Without the images, print every line of the material below exactly as given.

### Recorded information
━━━━━━━━

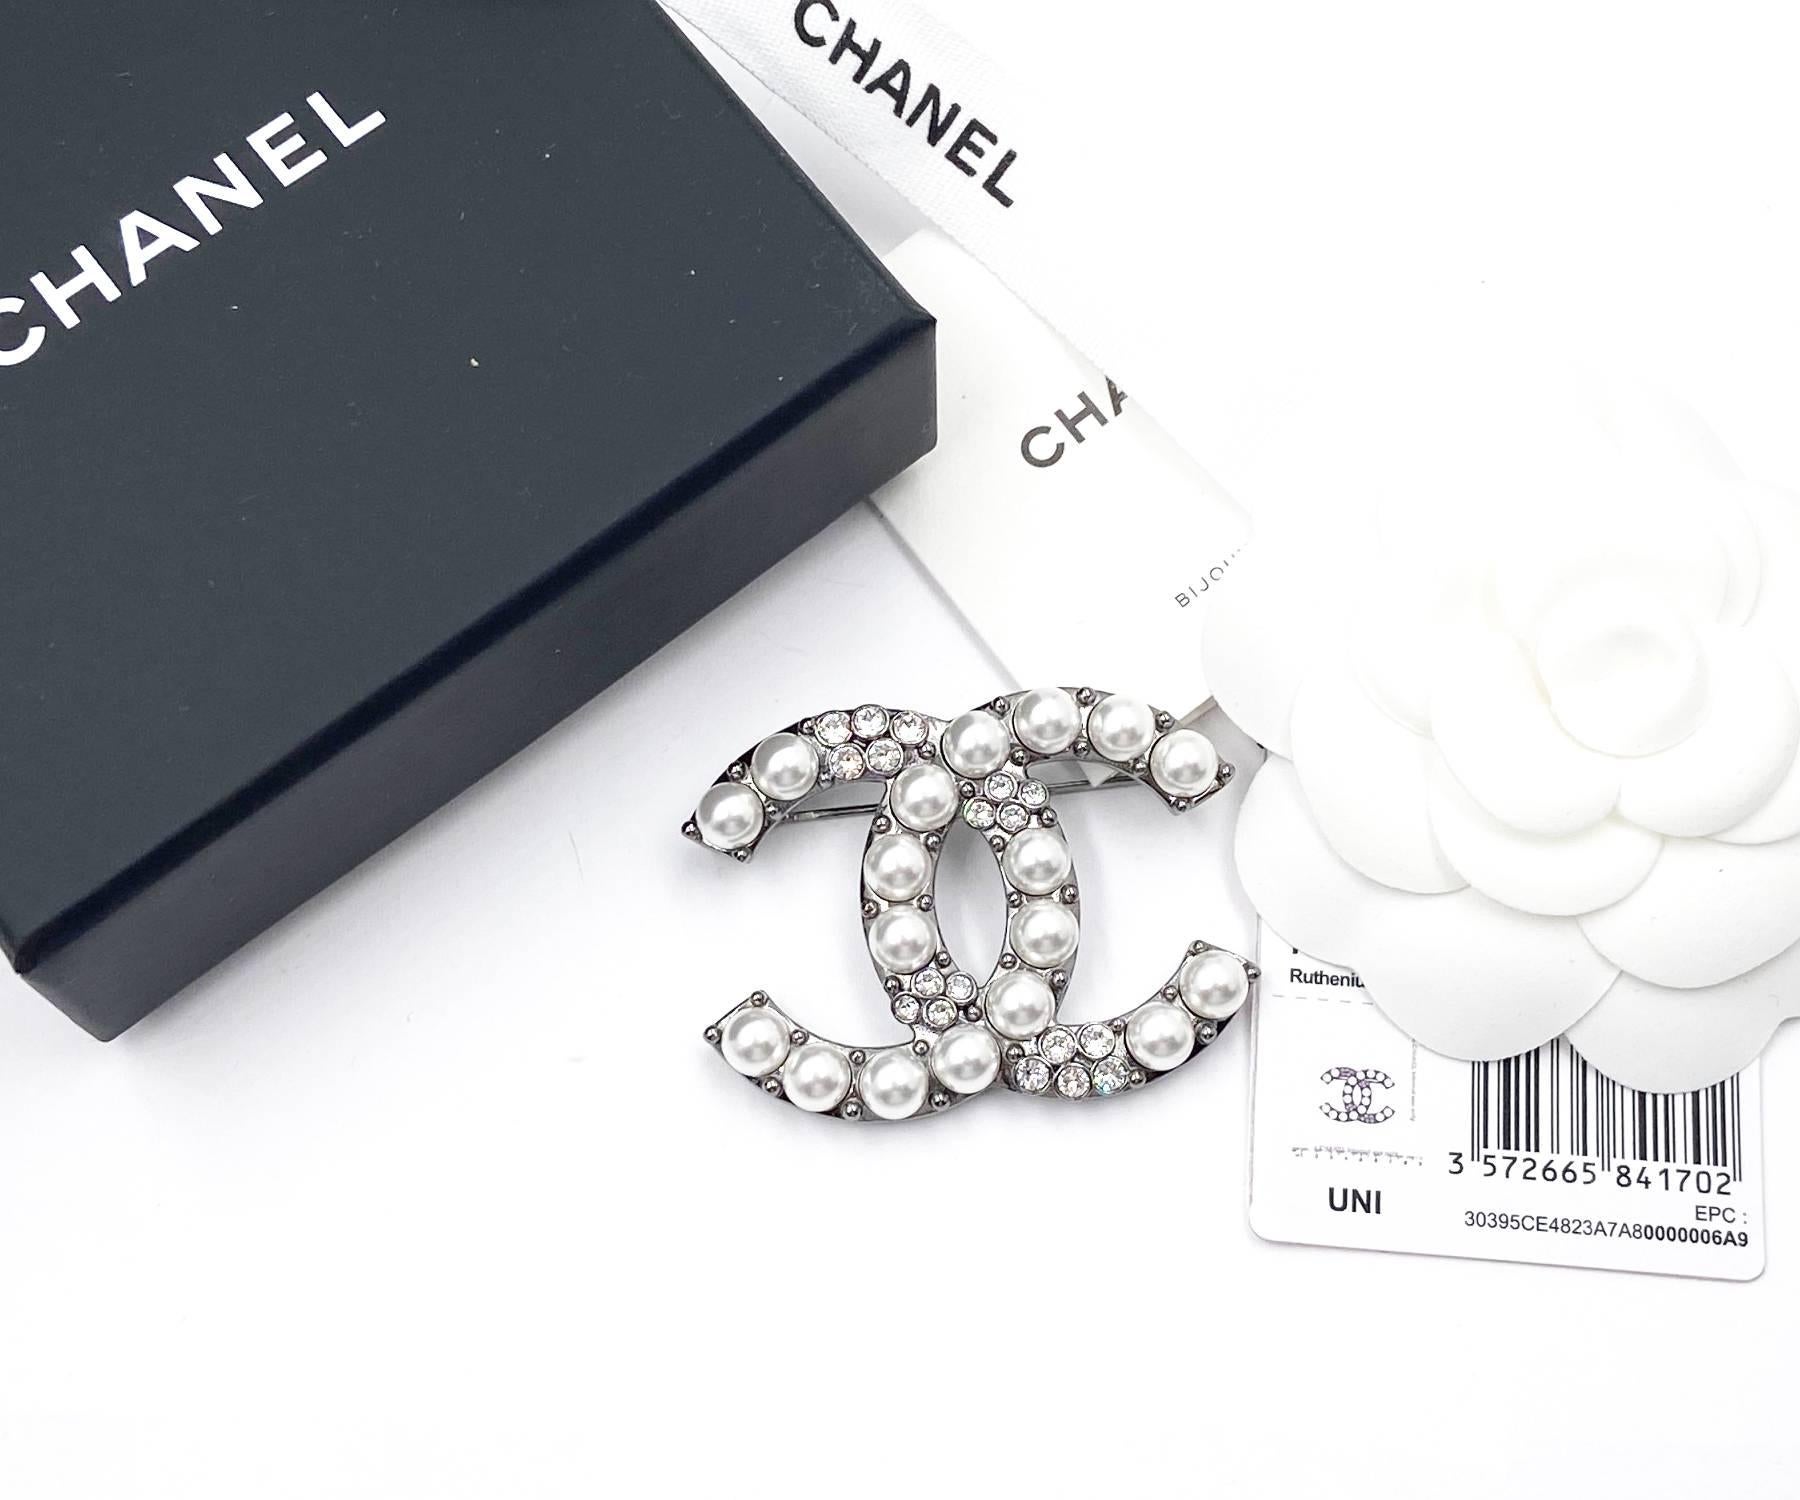 Artisan Chanel Brand New Gunmetal CC Crystal Pearl Brooch
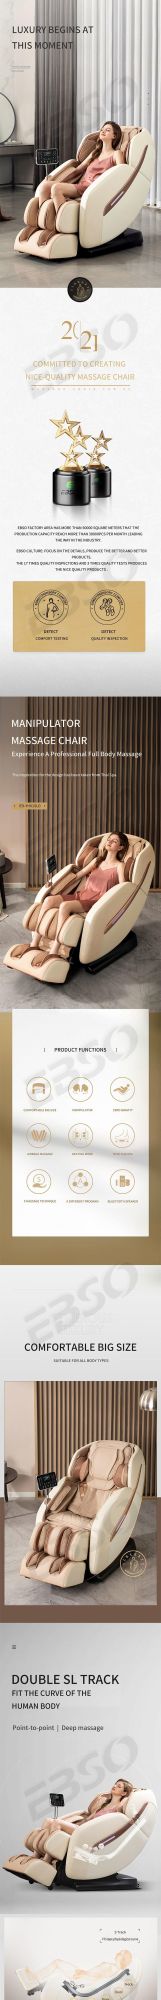 Hi-Speed Cheap Price High Effective Luxury Office Full Body Massage Chair
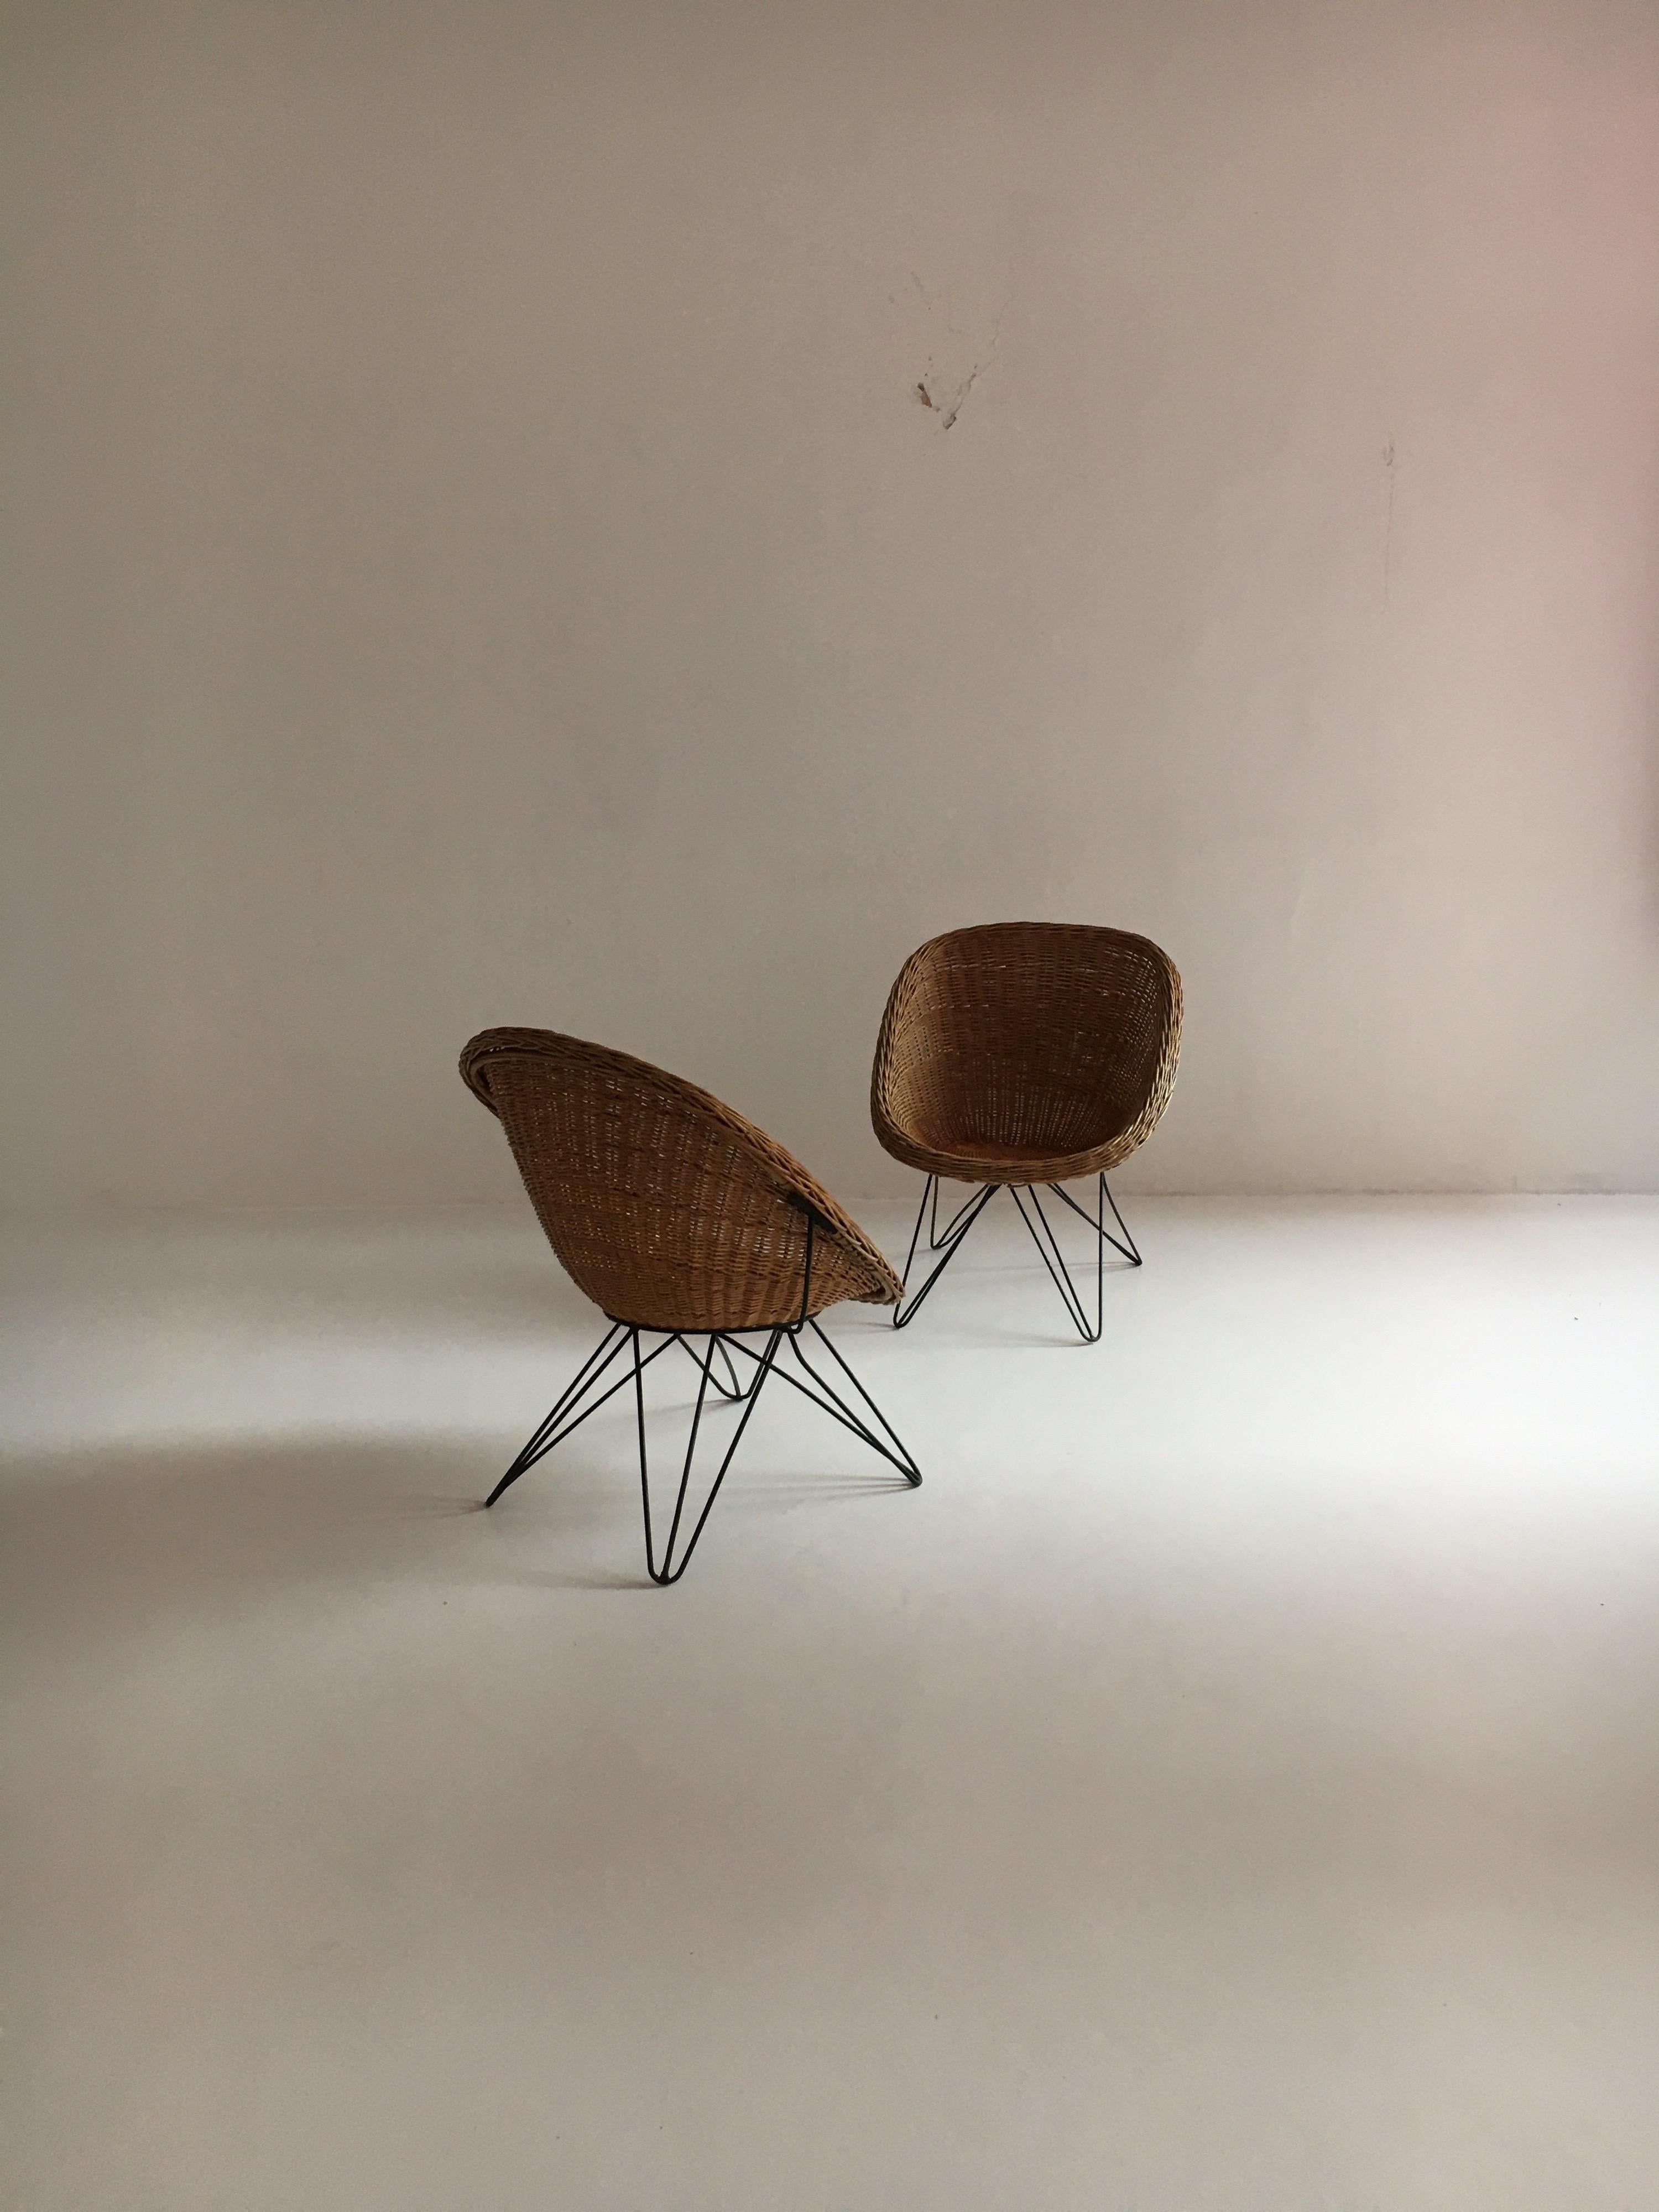 Mid-20th Century Mid-Century Modern Wicker Basket Chairs Hairpin Legs, Austria, 1950s

━━━━━━━━

### Reply
 Artisan Chanel Brand New Gunmetal CC Crystal Pearl Brooch
 Hi-Speed Cheap Price High Effective Luxury Office Full Body Massage Chair
 Mid-20th Century Mid-Century Modern Wicker Basket Chairs Hairpin Legs, Austria, 1950s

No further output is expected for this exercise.